The second argument I’m going to develop in order to refute the thesis of the existence of a musical common sense, and which therefore applies to the same notion of musical descriptivism, is related to the concept itself of musical work. Actually, any statement relating to the existence of a commonsensical view about what musical works are presupposes de facto that there is a commonsensical view about the concept of musical work. Even if the commonsensical view about musical works were that musical works do not exist, this negative statement would require the assumption of a common (sensical) understanding of the concept of musical work. This assumption, as it is well known, has been confuted by Lydia Goehr, who, in the chapter Musical production without the Work-Concept of her important work related to this subject, shows how the idea of the work of music as an achieved artifact, as a product of the activity of the composer, a product, furthermore, whose existence and essence is independent from its performances, was not at all recognized before the 19th century.
However, the issue is even worse than that.
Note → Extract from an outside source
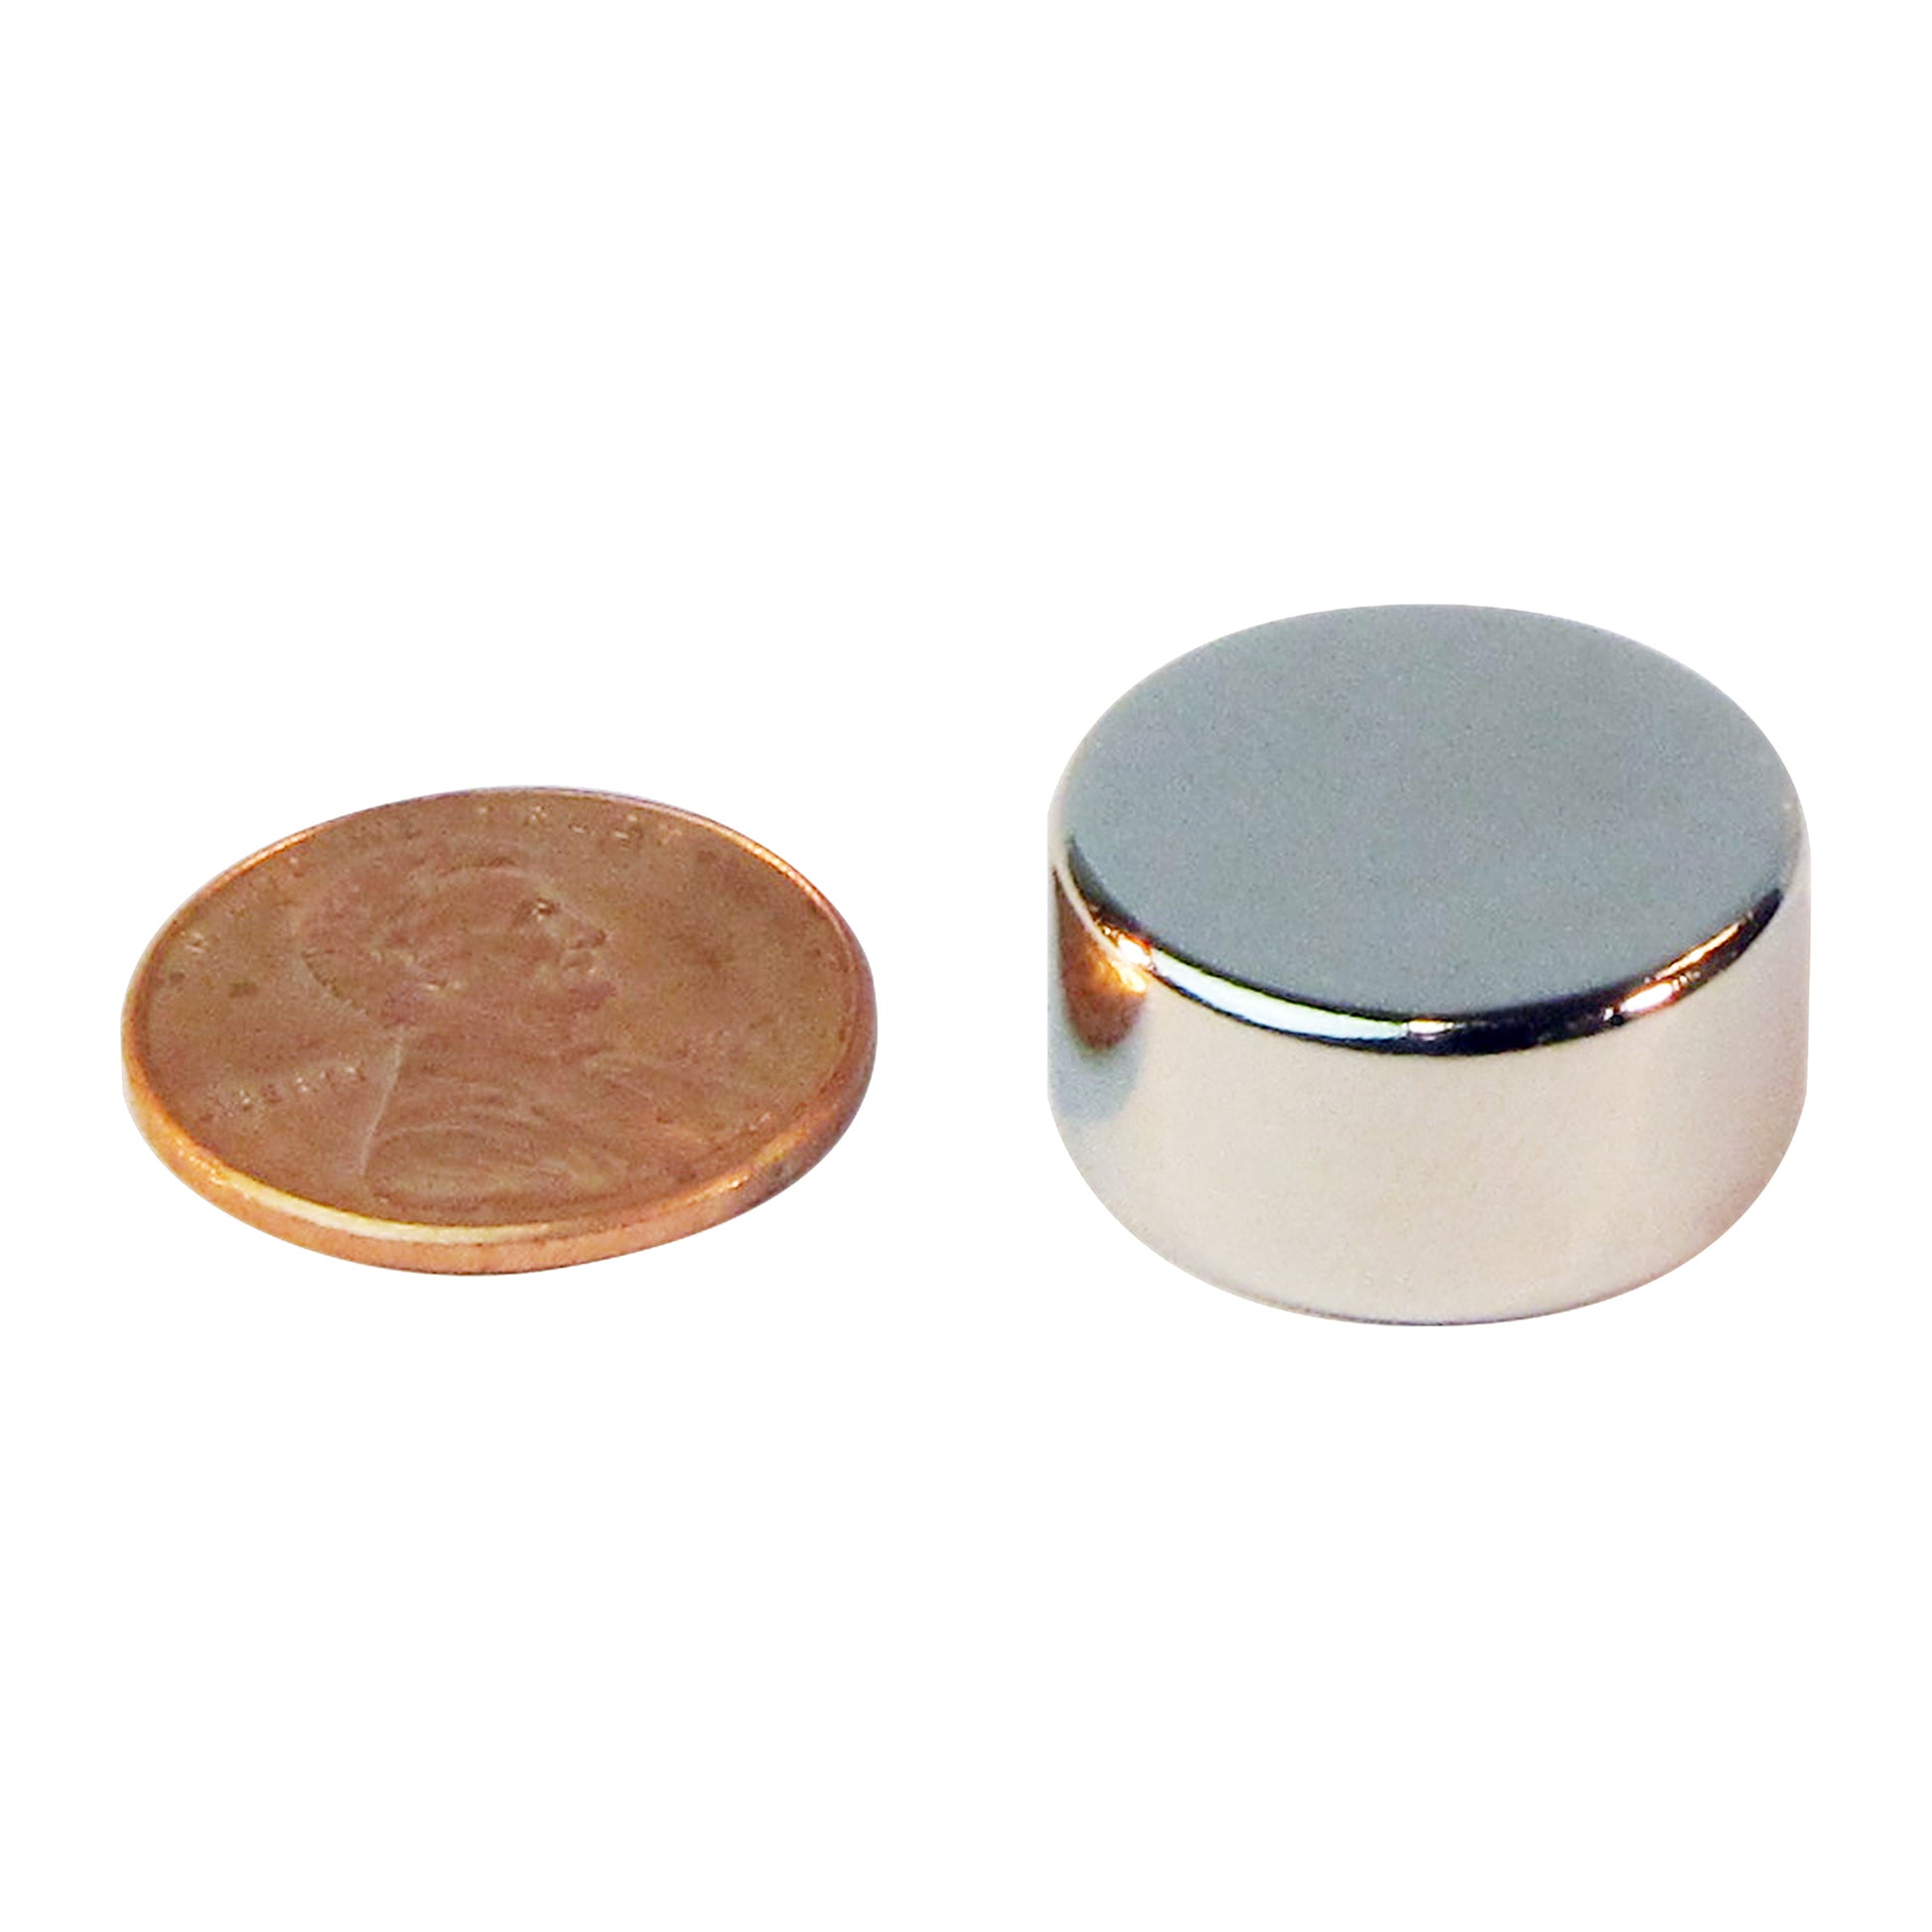 Load image into Gallery viewer, ND45-7537N Neodymium Disc Magnet - Compared to Penny for Size Reference

The question is not only related to the music before the 19th century, but also to the music after the 19th century, and not pertaining to the Western cultivated music. As a matter of fact, the very concept of musical work is not at all a univocal one. Zofia Lissa shows, for example, how the apparently commonsensical idea that a musical work should have a beginning and an end is not at all an obvious one, if we widen our perspective to the extra-European music, or even aleatory contemporary music. On the other side, popular music is often not written in musical text, and so we must allow for radical variations in different performances, which make it difficult to define the uniqueness of a specific musical work (besides often lacking authorial attribution) performed at different times. At one moment, Zofia Lissa puts forward the radical (and rhetorical) question of whether the category of Work of Music (not to mention its ontological characteristics, such as creatability or repeatability) is valid for all music cultures and periods. The answered response is the following:
The category of musical work is a historical category [...]. This means that in certain periods of the development of musical culture the activity of man’s sonic statements expresses itself in works, in others in sound structures with other ontological units; these entities pertain with no doubt to music, but not to the class of musical works. The music was different in different times and civilizations of the globe, and the thinking in terms of only a civilization and a historical time requires a fundamental revision. 
If Lissa (and Goehr too) is correct, it becomes difficult to talk about ontological musical common sense. If on one side common sense should constitute a series of human beliefs which are, substantially, independent from time and space, from geography and history, pertaining so to say to the human civilization as such, and if on the other side the very basic concept of any musical ontology, namely the concept of musical work, varies from culture to culture, to tradition to tradition, and in some cases, according to Lissa’s and Goehr’s view, we can even talk of musical practices without musical works, we can then see that the existence of musical common sense, at least in relation to musical ontology, is actually only an illusion. More than that, it is not only an illusion, but a culturally biased illusion, making out of our cultural paradigm a rule valid for the whole human history, which is not only inexact, but also unfair. In the claim about the existence of commonsensical beliefs about what musical works are I see also what Lissa notices in a lot of philosophers (including her teacher Ingarden) of music, which mainly extrapolate from their culturally and socially limited perspective a sort of human rule, valid for all cultures and all times:
The views about the essence of music are by all aestheticians historically limited, as they refer to a musical practice, i.e. to such a type of works, their performances and to such a kind of their reception, which is provided to philosophers by their age, their environment and the culture to which they belong. The fundamental error committed by different philosophers who formulate aesthetic theories, is in fact that they consider themselves as absolute representative of the entire species “man”, and make their own way (among others psychologically, historically, socially determined ) of assimilating art universally and objectively valid, from Pithecanthropus to Atomic Era.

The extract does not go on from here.